JR東日本は今年4月に、車両の点検整備・修理など「検修」業務を外注化する計画を立てていた。この分野で働く約5千人を人員整理し、労働者を有期雇用・低賃金で酷使する下請け会社に任せようというのだ。車両の安全性を放棄することにもなる。
既に2001年に保線などの設備業務が下請けに「丸投げ」された。かつてJRの職員が週に一回行っていた線路点検が、下請け会社による二週間に一回の点検に減らされたため、レールが折れるなどの異常事態が発生している。
動労千葉はこの攻撃と闘い、5度のストライキを打ち、4月実施をストップさせた。車両の安全管理は鉄道会社自らが行う、という当たり前のことを守り抜いたのである。

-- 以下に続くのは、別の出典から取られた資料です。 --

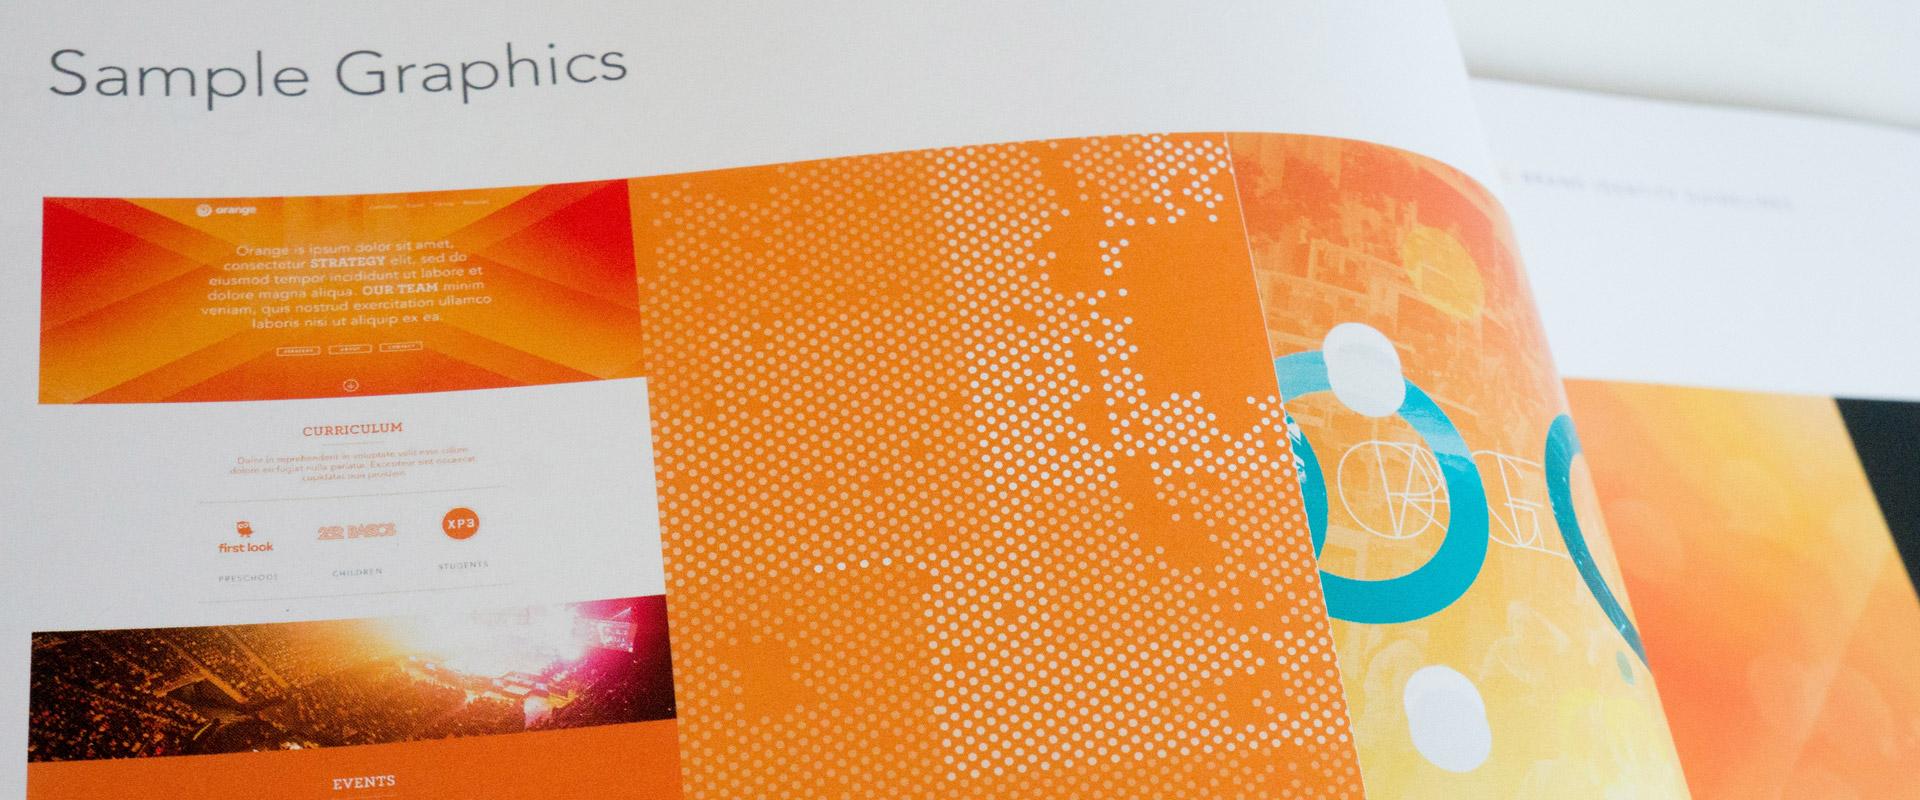 orangebrand-brandbook5.jpg
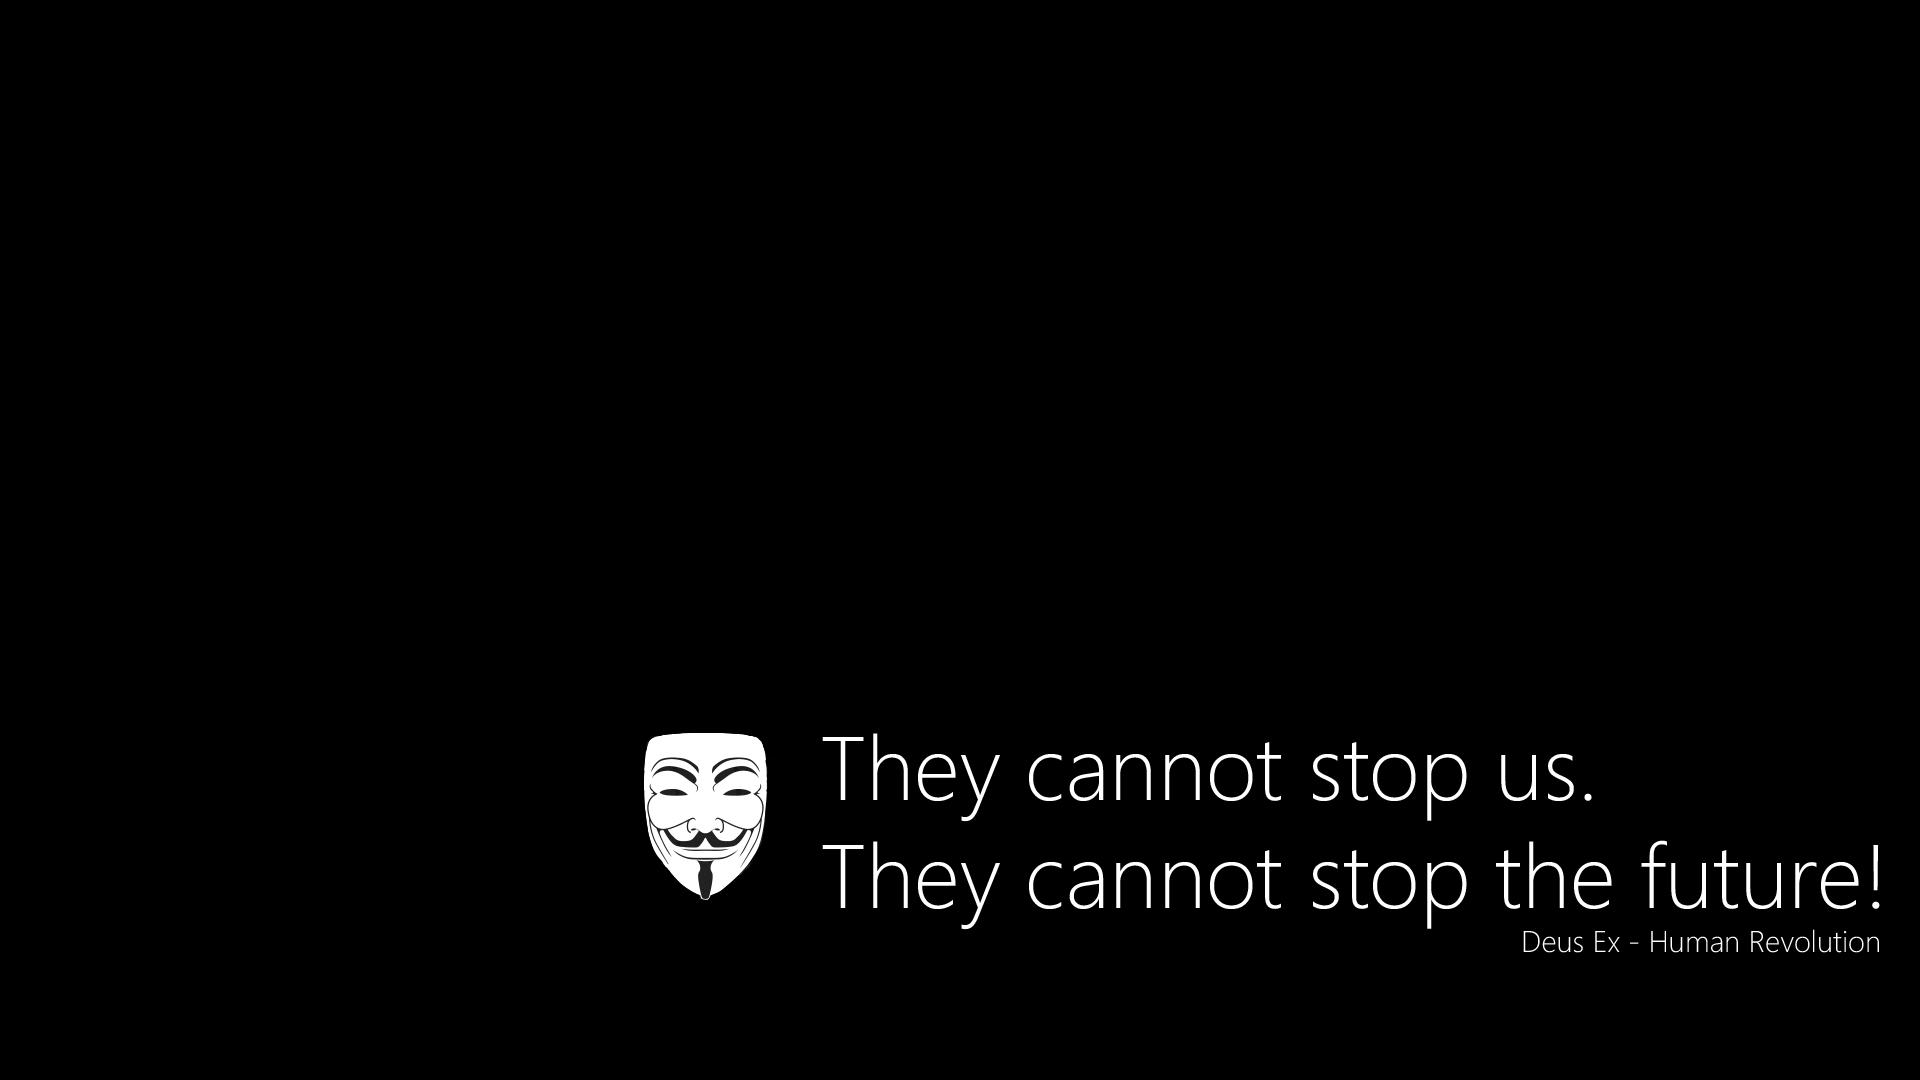 hackers wallpaper abyss dark hd - wallpapersafari

ところで現在JRでは、駅の窓口業務などの大半に契約社員が配置されている。給料はJR正社員の半分程度であり、契約は1年ごと、5年以内に正社員登用試験に合格しなければ解雇される。合格率は3割以下だが試験とは名ばかり、会社に都合のいい人物しか採用されない。あきれたことに「組合活動をすれば正社員にしない」方針だというのだ。
しかし「会社の査定を気にしていたら文句も言えない。声を大にして反対といいたい」と、労組に加入する若手が増えているという。動労千葉にも最近6人の青年が加入し、共にストライキを闘ったという(以上、【たたかう労働組合の全国ネットワークをつくろう!】の11・7集会告知ビラより引用)。是非とも動労千葉には、JR内の非正規雇用労働者にも組織を広げてほしいものだ。
■ 続いて、【国鉄分割・民営化に反対し、1047名解雇撤回闘争を支援する全国運動】の呼びかけ人の方々、動労千葉争議団、国労闘争団、JP労組、自治体労働者、動労千葉を支援する会、東京武蔵野病院で不当解雇を撤回させた【精研労組】、ショックアブゾーバなどのメーカー「SHOWA」埼玉工場の派遣切りと戦う【さいたまユニオン行田分会】などが発言。斎藤郁真委員長率いる法政大学文化連盟も登場した。そして閉会挨拶、行動提起、「インターナショナル」の合唱、団結ガンバローを叫び、いよいよデモ。
デモ待機中
銀座に出て東京駅前を通る定番コース
オジャマモンが入居してたビルのあたりで、事情は分からんが一人弾圧されたらしい。去年と違って右翼は遠くに追い払われたようで、街宣車のガナリ声も全く聞こえなかった。解散地点の常盤橋公園で、韓国など各国の労組の皆さんと握手。これも恒例だが最後に待ち構える動労千葉田中委員長とも堅く握手を交わした。皆さんお疲れさまでした。このあと打ち上げしたけど、そこそこ飲んでお開きになりました。日曜の夜だからね。また明日から団結してガンバロー!!